Innovative companies like Apple find a way to do both, keeping an eye on the bottom line while sensing the hearts of their customers.

Is there a way for your firm to innovate on a constant basis? Yes, and it involves integrating your past and future.

Your company most likely operates in “reliability mode” most of the time. Decisions are made by looking backward into the operations of the company and finding elements that lower costs or drive more revenue from existing operations. When a big enough element is found, projects get funded. You know this mode dominates when you are asked to “prove it” before receiving funding.

Start-up companies operate in “eventuality mode.” It is the act of looking forward into the changing marketplace and finding the elements that will change what customers want from a company. When a big enough element (insight) is found, the entire organization is directed to meet the trend with enough momentum to catch it. You know this mode dominates your company when you are asked to commit to a vision.

When a company can integrate the two modes, and not rely too heavily on either of them, innovation succeeds. Here’s an example. One of our clients, a large health insurance provider, was unable to get approval to fund a customer-centric redesign of its member website. The reliability metrics (e.g., number of members using the site, call center inquiry reduction) couldn’t prove that a $10 million investment would pay off. Then healthcare reform created a well-defined “eventuality”; more people would be entering the market for health insurance and using digital channels to manage their claims. Once it became clear that the company’s core competency of managing member claims was at risk, the funds were allocated.

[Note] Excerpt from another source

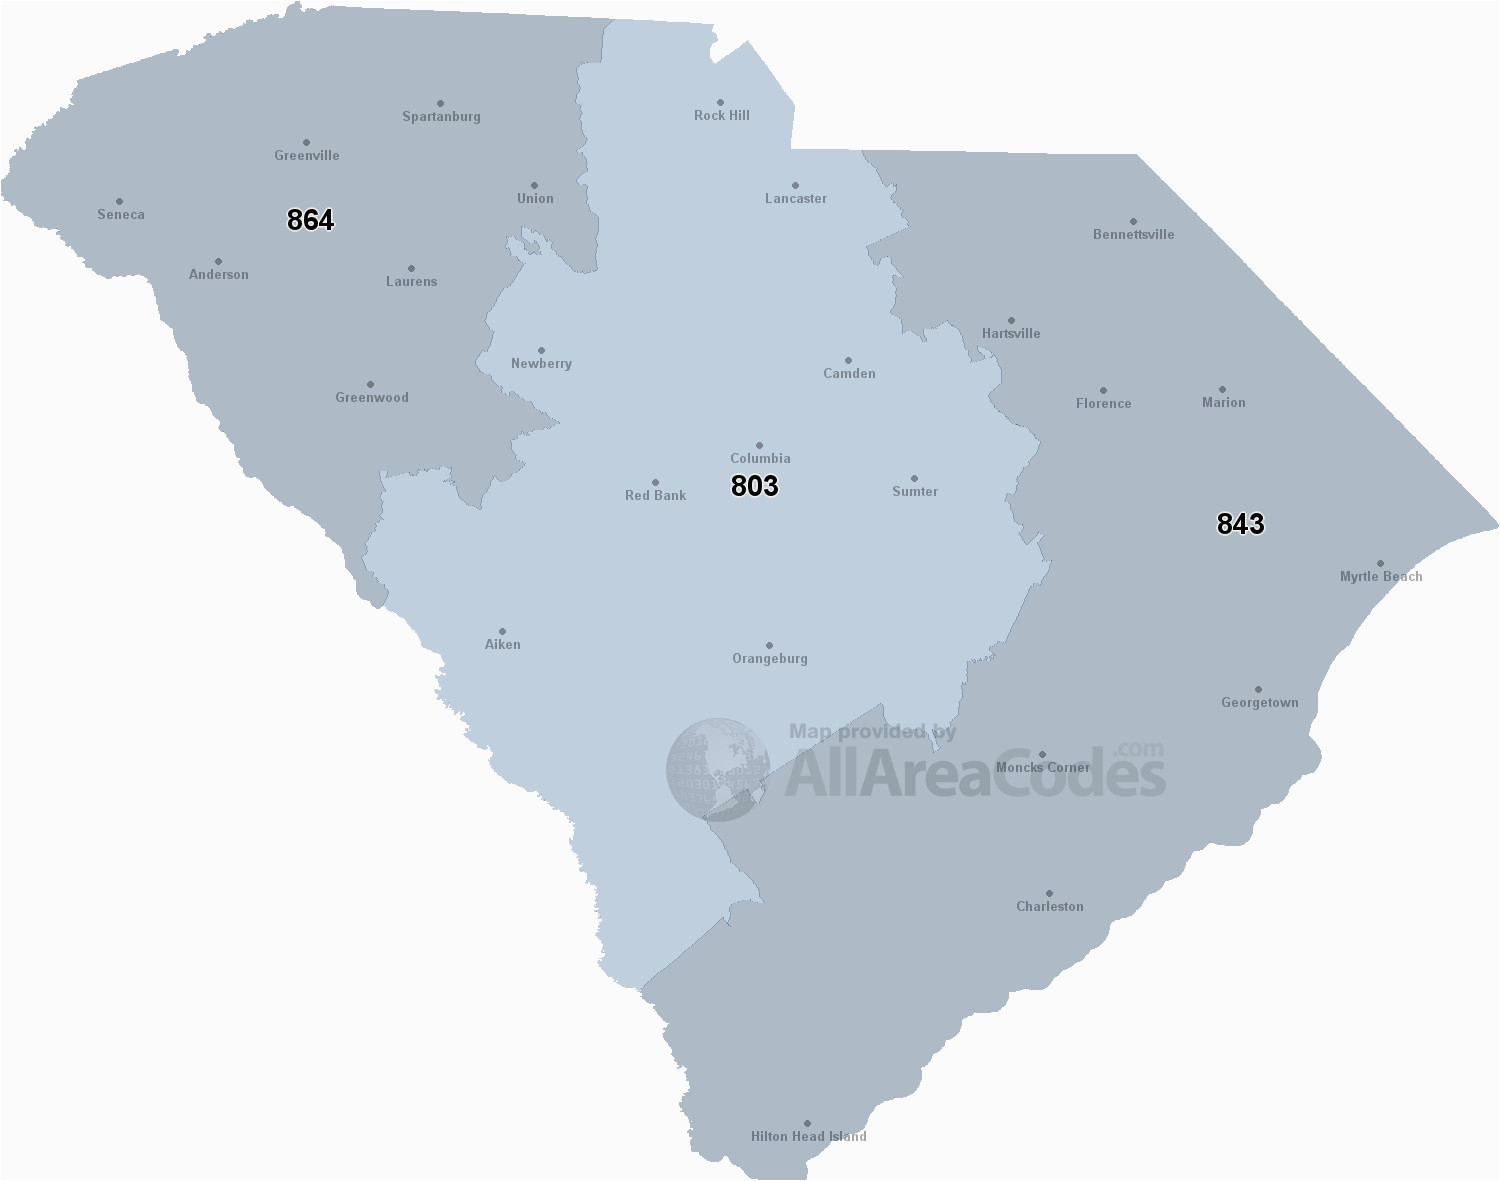 North Carolina area Codes Map south Carolina area Codes Map List and Phone Lookup

Your company might not be lucky enough to have a government-mandated eventuality looming over the horizon. As a leader you have to put the time and effort in to provide a level of certainty about future events that can balance the natural focus on the reliable past. So before you claim that symptoms such as risk aversion, lack of ideas and data paralysis are the problem, evaluate how effectively you integrate concepts of eventuality into your business decisions.